Path: utzoo!utgpu!news-server.csri.toronto.edu!rpi!zaphod.mps.ohio-state.edu!sol.ctr.columbia.edu!emory!gatech!purdue!haven!ni.umd.edu!uc780.umd.edu!cs450a03
From: cs450a03@uc780.umd.edu
Newsgroups: comp.lang.apl
Subject: implementing @:
Message-ID: <19APR91.00433381@uc780.umd.edu>
Date: 19 Apr 91 00:43:33 GMT
Sender: usenet@ni.umd.edu (USENET News System)
Organization: The University of Maryland University College
Lines: 70

There are various parts of J which are rather slow.  I've been looking
at implementing J myself, and I think I can see a lot about the
implementation from what's slow and what's fast.
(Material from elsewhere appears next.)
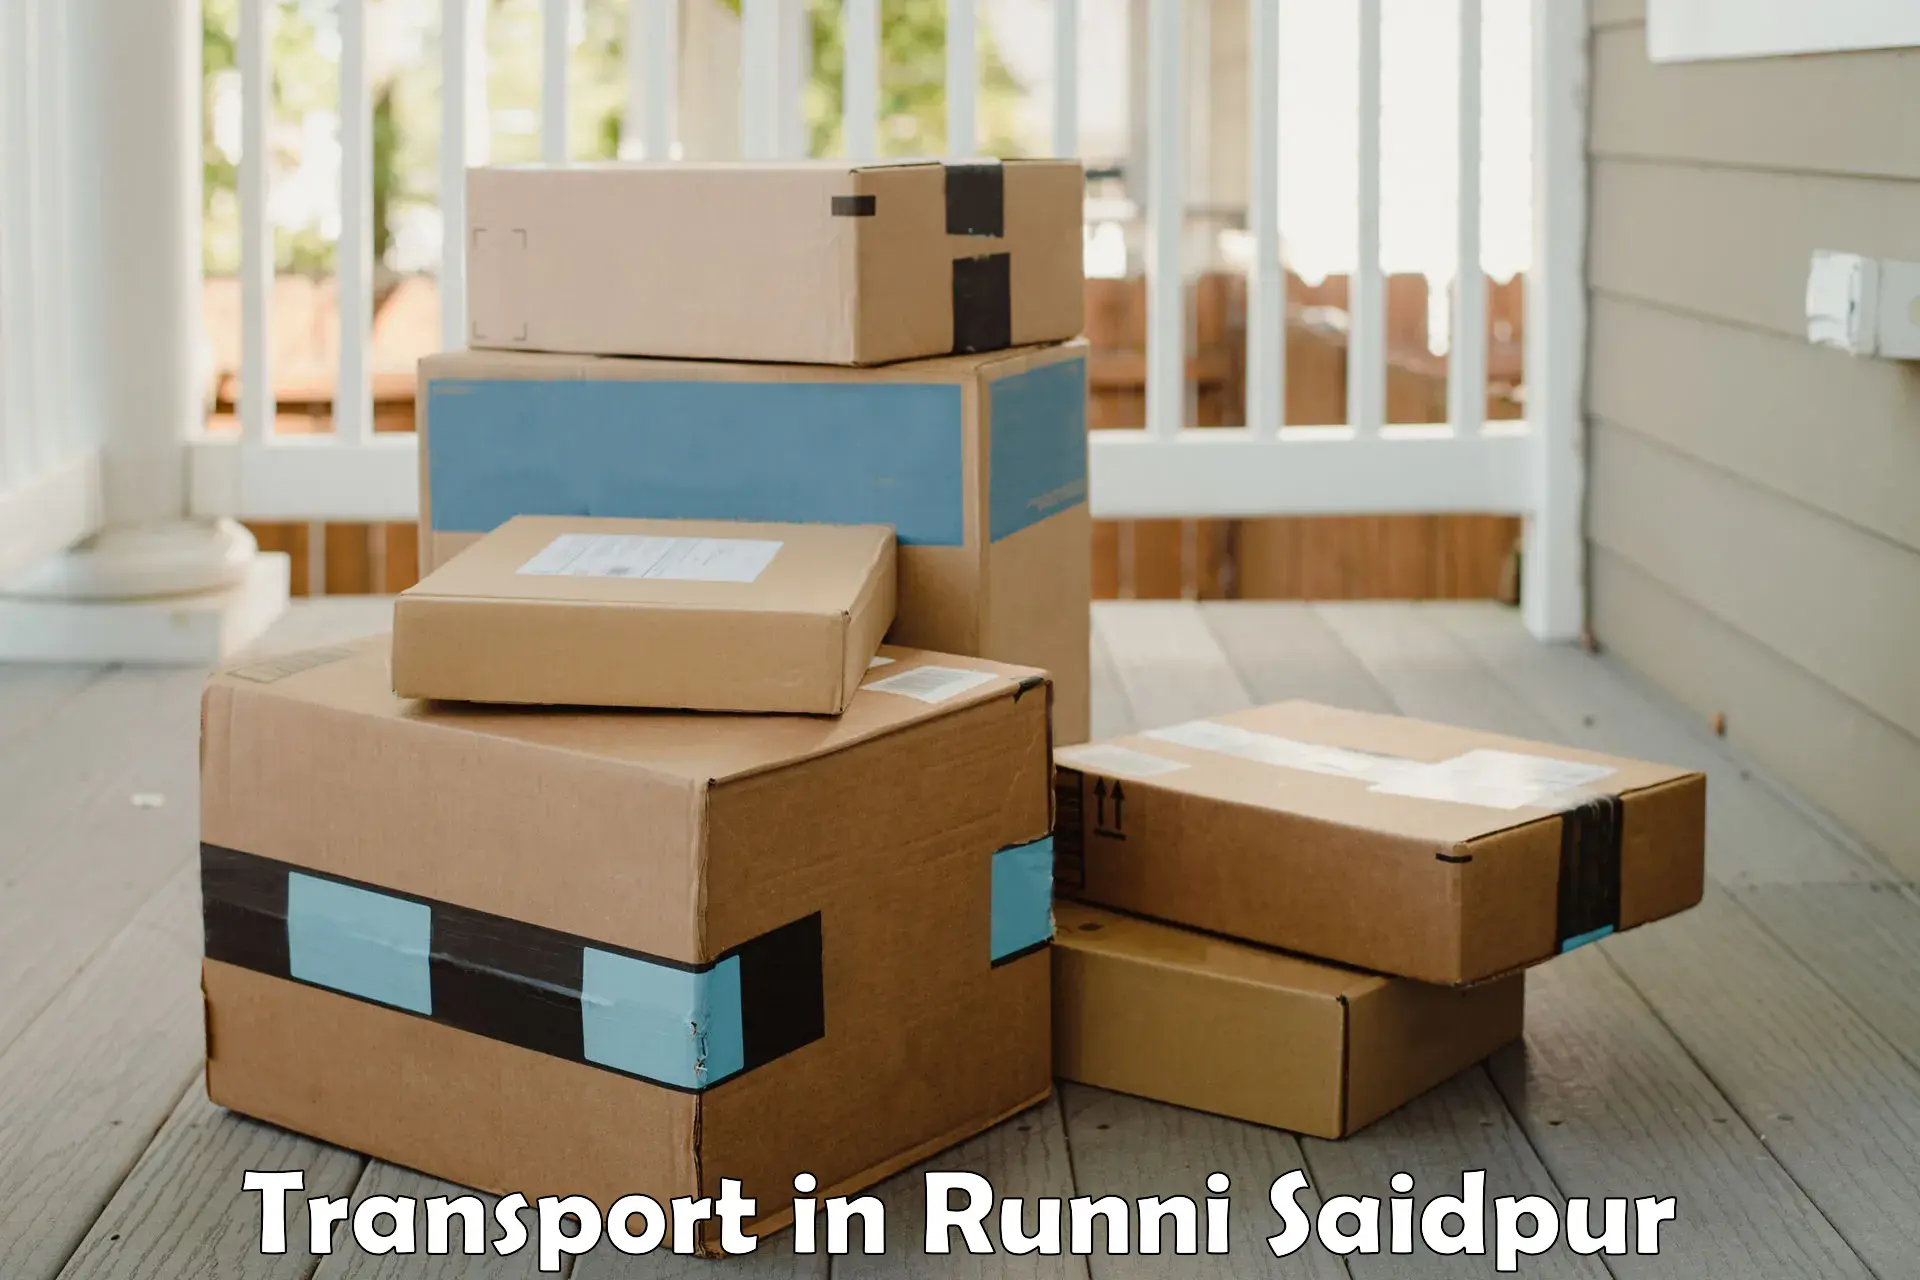 Container transportation services in Runni Saidpur
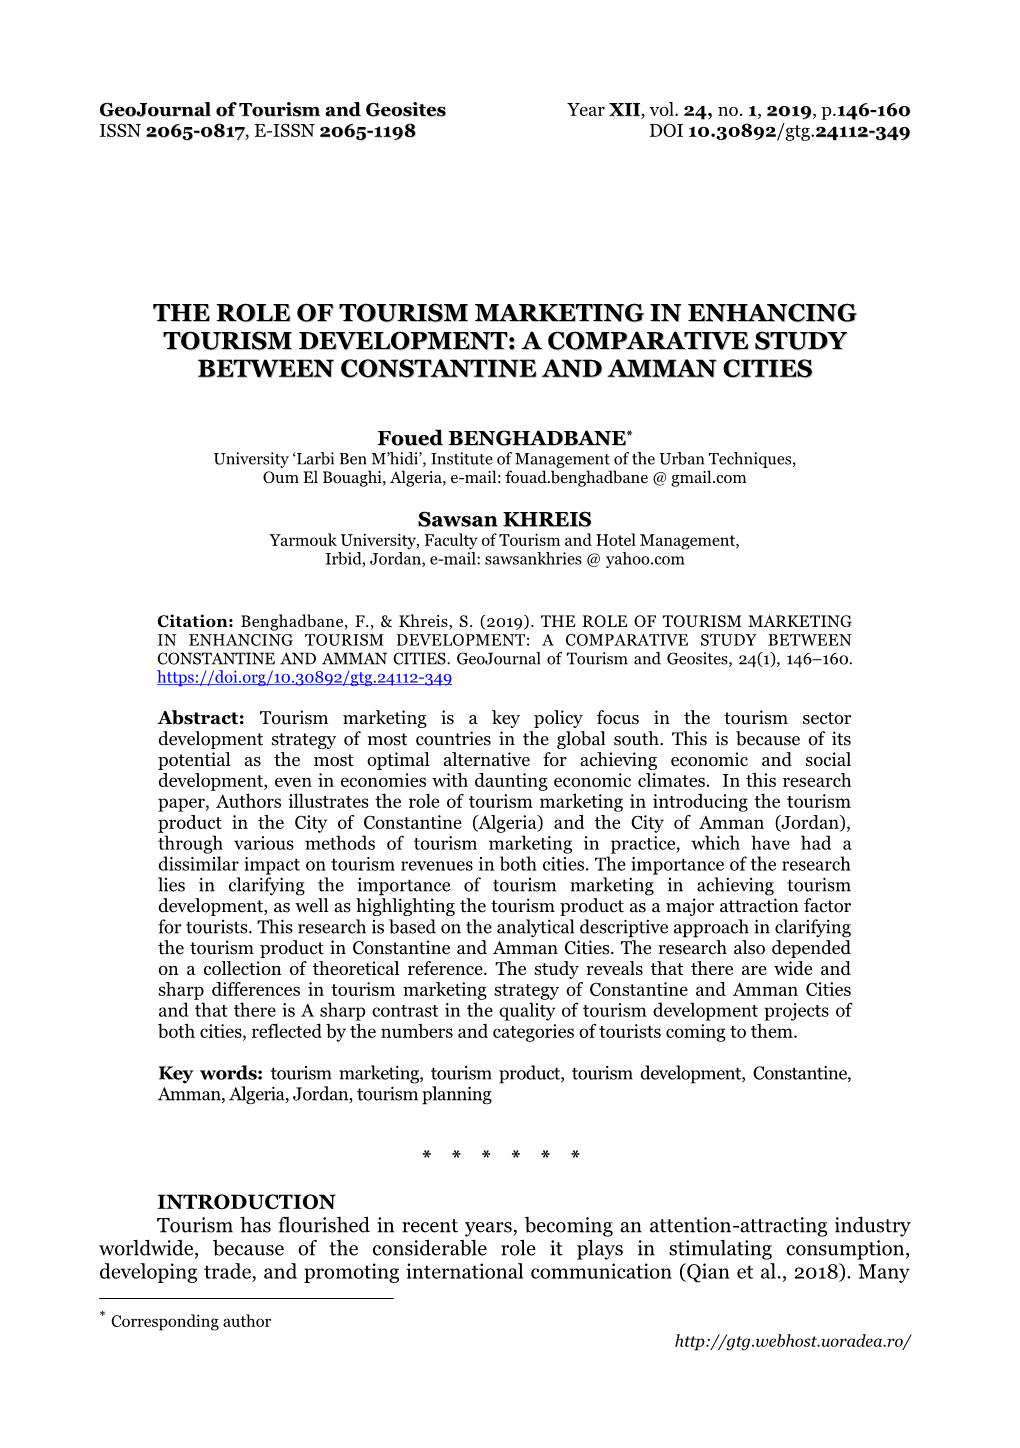 The Role of Tourism Marketing in Enhancing Tourism Development: a Comparative Study Between Constantine and Amman Cities

Essentially, it looks like J is written in a highly self-referent
fashion.  This is execellent for generality, and is even better for
making the language consistent with itself.  There is a speed price
though.

One way to improve speed would be to selectively substitute faster
expressions for overly general expressions.  I haven't explored this
idea much, yet.

Another way to improve speed is to re-do the underlying
implementation.  For example, if you consider J to be a generalized
array language, then one step back would be a generalized vector
language.  Maybe implementing J in terms of only scalar and vector
routines would be a win.  (Presumably, one would use J instructions
limited to rank 1...)

Finally, you could go whole-hog and implement every J function as a
"leaf" function in the implementation language (or, call system
routines, but nothing else).  This might increase code-size quite a
bit, but might run really fast.

With that out of the way, I'd like to bring up a tiny algorithm.
Consider  @: v
where v is a numeric vector (not boxed)

I think that what J is doing for this case is building a table of all
permutations of i.#v, and using a transitive i. to find the row which
matches v.  This is nice and concise, but seems slow in the current
incarnation of J.

It's occurred to me that on a typical (scalar) machine, there is a
simple O(n squared) algorithm that should run pretty fast:

(1) find length of v (if 12 or less, assume an integer result, if 170
or less, assume a floating point result -- quite possibly will
overflow if greater than 170)

(2) build a vector of i.#v (call it N), and another vector of 0#~#v
(call it M).

(3) loop over elements of v (left to right, call loop index j)
       if j{N is positive, make j{M equal to j{N
                           then make j{N be _1
                           then do N =. N - j < i.#N
       if j{N is negative, abort -- result of @: is !#v

(4) result of @: is +/M*!|.i.#M

--------------------

Note that this algorithm would be pretty fast if M could be
constructed in one pass (rather than having to re-build it at every
iteration through loop(3)).

I suppose that some attention should be paid to "intellegently"
pre-allocating memory for results.  Perhaps if catenate could somehow
be told to allocate extra memory for future catenates?  (this would
have to be fairly transparent to the user)

Has anyone thought about this sort of condition?

I think J is losing a lot of time, currently, in catenation.

(Of course, I may be wrong)

Raul Rockwell